Non ci siamo dimenticati del bomber lucano, 8 gol in 9 partite alle spalle del Pichichi della Liga, Leo Messi a quota 11 reti. Uno stato di forma eccellente per l’ex Juventus, 7 volte a segno con gli ultimi 8 tiri in porta, bilancio realizzativo che tiene il passo con l’intero parco attaccanti del Real Madrid. Era dal 1977 che uno straniero del Valencia non andava in gol per 5 gare consecutive: l’ultimo fu Mario Kempes, parallelo che già stuzzica dalle parti del Mestalla a distanza di 40 anni. Un rapporto non senza screzi quello con Marcelino, bravo a gestirlo sia negli eccessi (vedi il derby contro il Levante) sia a responsabilizzarlo evitando di cercare alternative sul mercato. Zaza è inarrestabile dallo scorso 19 settembre con la tripletta rifilata in 8 minuti al Malaga, tris che in società non registravano dal 2009 con David Villa. Si è quindi meritato il premio di miglior giocatore del mese della Liga, tuttavia anche ad ottobre ha sempre lasciato il segno.

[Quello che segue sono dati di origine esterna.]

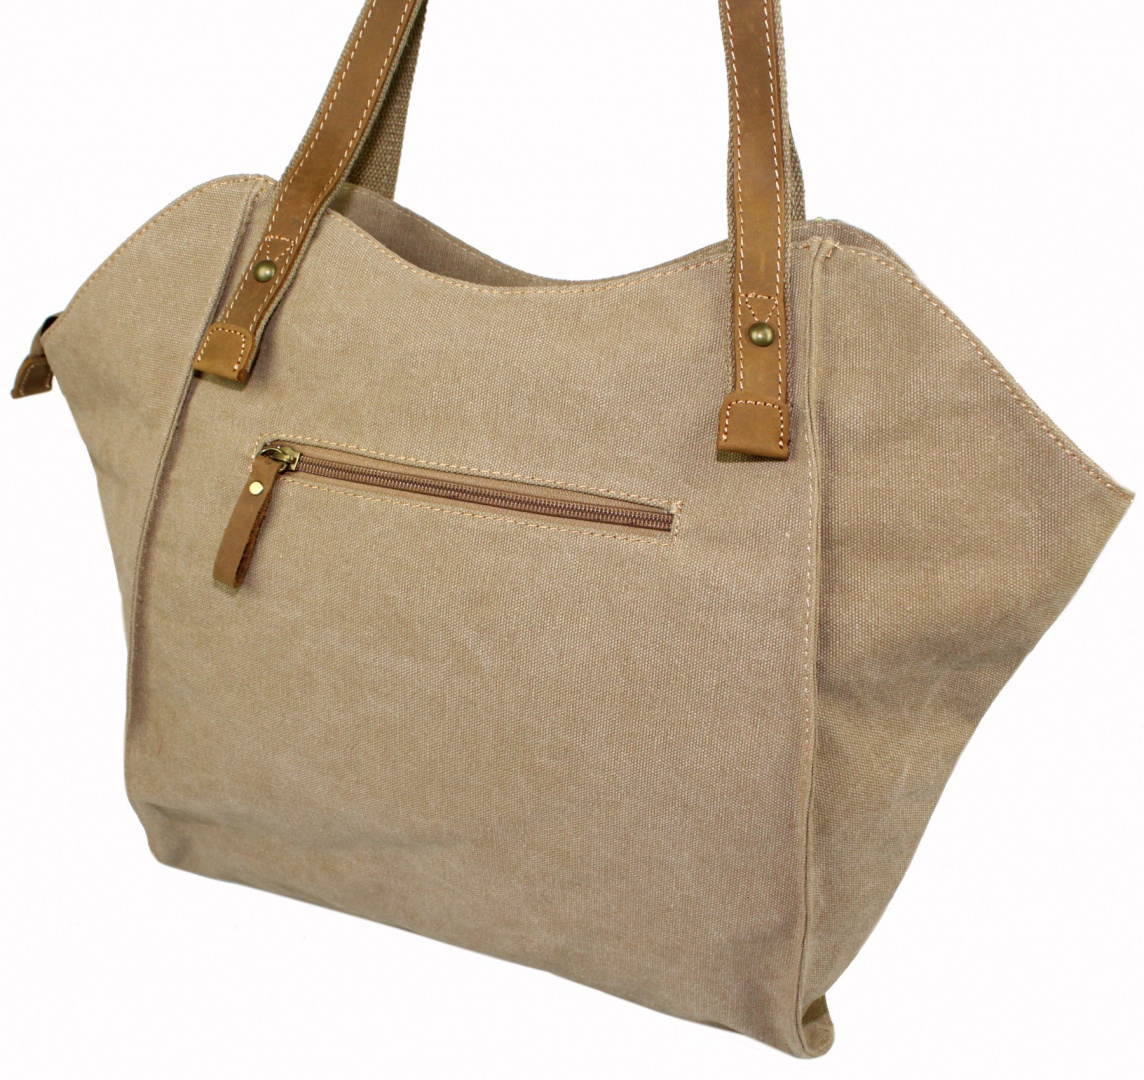 Torebka Skórzana Jennifer Jones Shopper Bag CANVAS Z Elementami Skórzanymi SŁOMIANY JJ4557
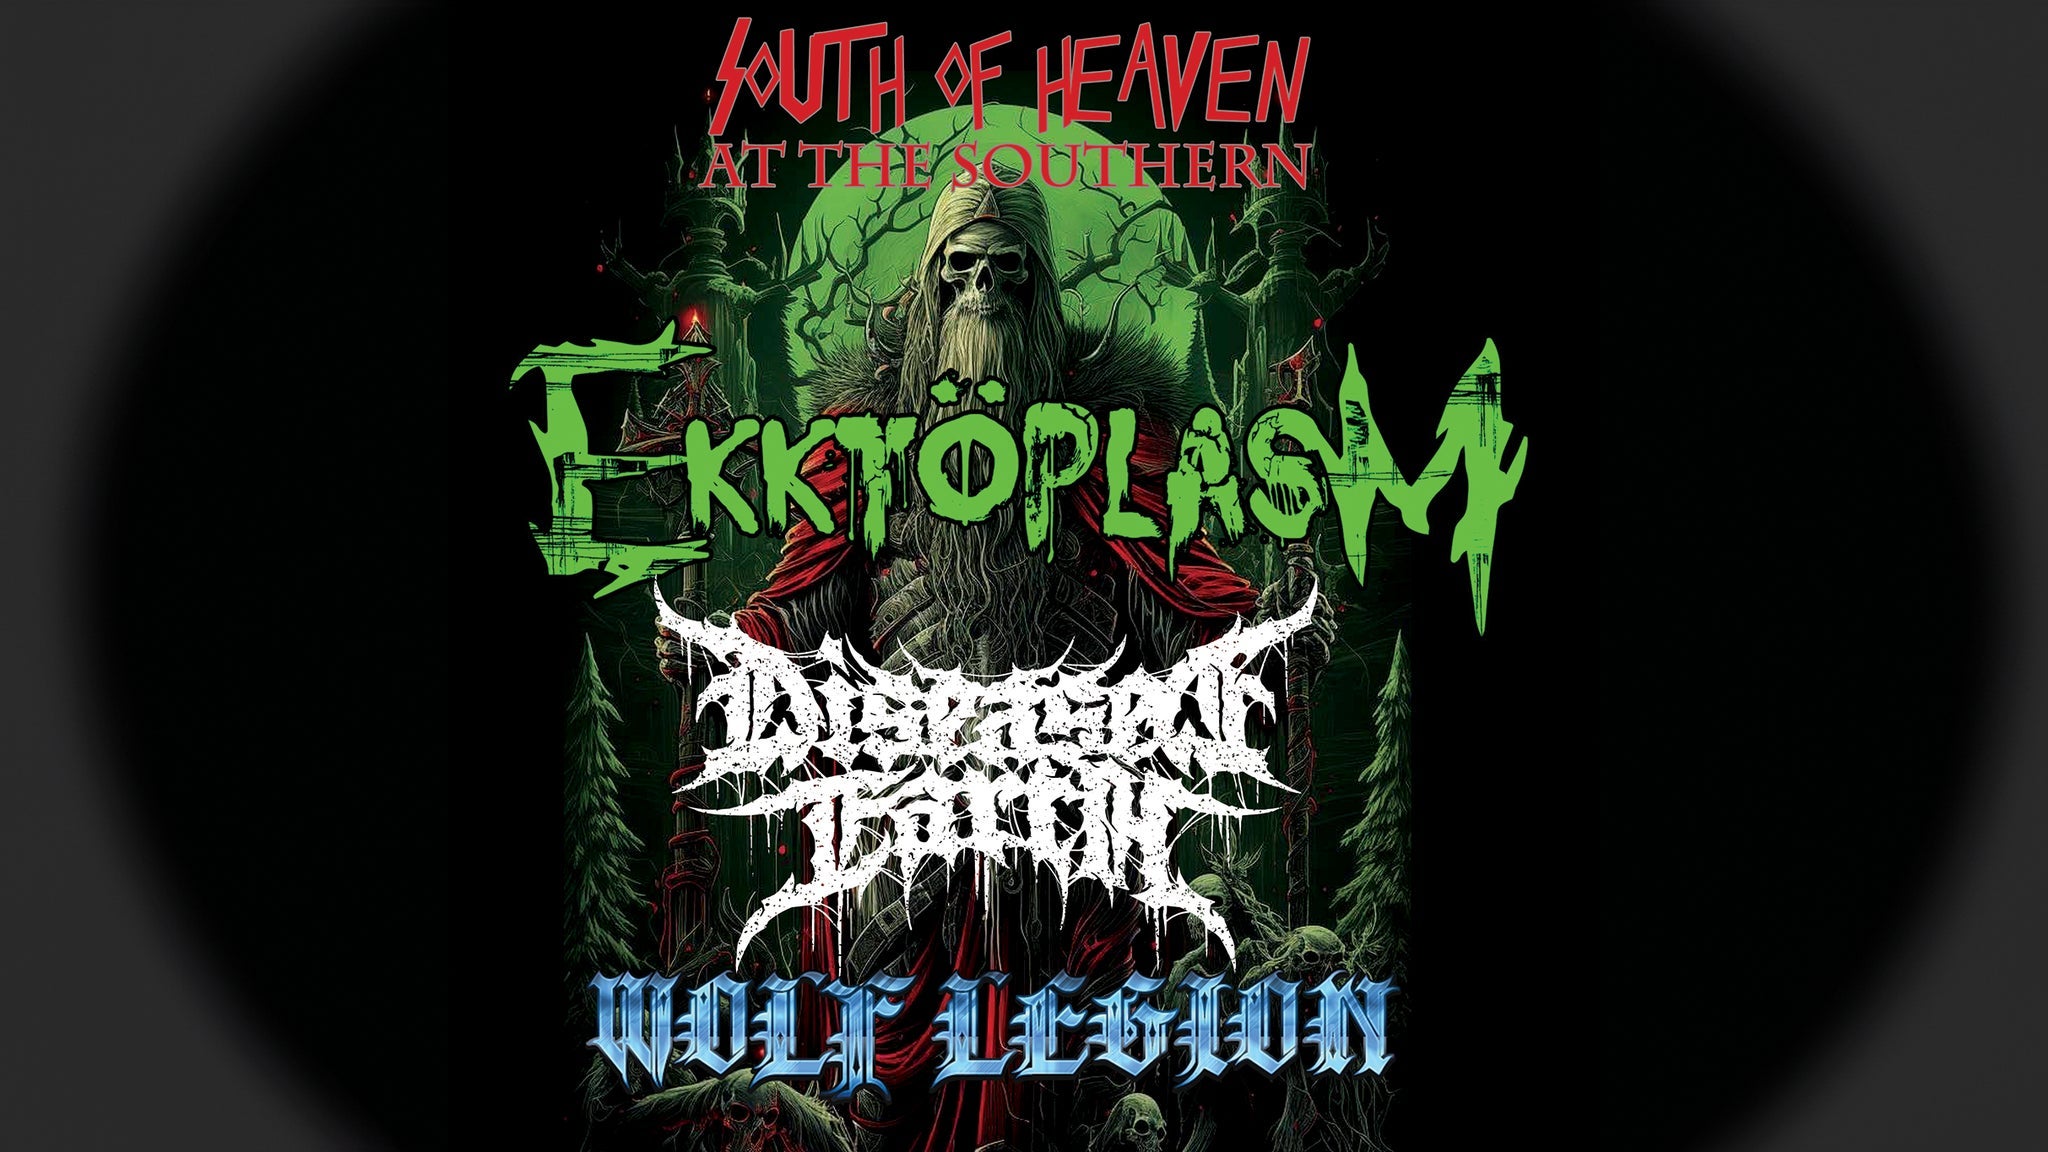 South Of Heaven with Ekktoplasm, Wolf Legion & Diseased Earth

Pasta obbligatoriamente integrale e una patente automobilistica ancora da maturare, Zaza viaggia alla media di un gol ogni 87' in forma mondiale: l’evidenza spinge a candidarlo per lo spareggio di novembre contro la Svezia, esame cruciale per l’Italia di Ventura. Difficile dimenticare la sera del 2 luglio 2016, sconfitta ai rigori contro la Germania sancita pure da quel suo penalty con tanto di rincorsa divenuta virale. Dalla notte di Bordeaux il centravanti di Policoro ha impiegato tre maglie e 294 giorni per tornare a segno: scarso ambientamento in Inghilterra al West Ham, segnali di ripresa da gennaio in Spagna fino alla riscossa in questa Liga dopo l’addio alla Juventus. Ventura lo apprezza come Balotelli, altro attaccante che all’estero cerca lo smalto perduto, chissà che non possa dargli fiducia ad un passo dai Mondiali. Stima che Zaza ha finalmente ritrovato, rinascita comune al Valencia abbandonata la tempesta. Più di tre anni fa l’allora ct Antonio Conte, esordiente alla guida della Nazionale, puntò tutto su lui e Immobile: "coppia ignorante" per loro stesso ammissione, indubbiamente i due attaccanti italiani più prolifici in questa stagione.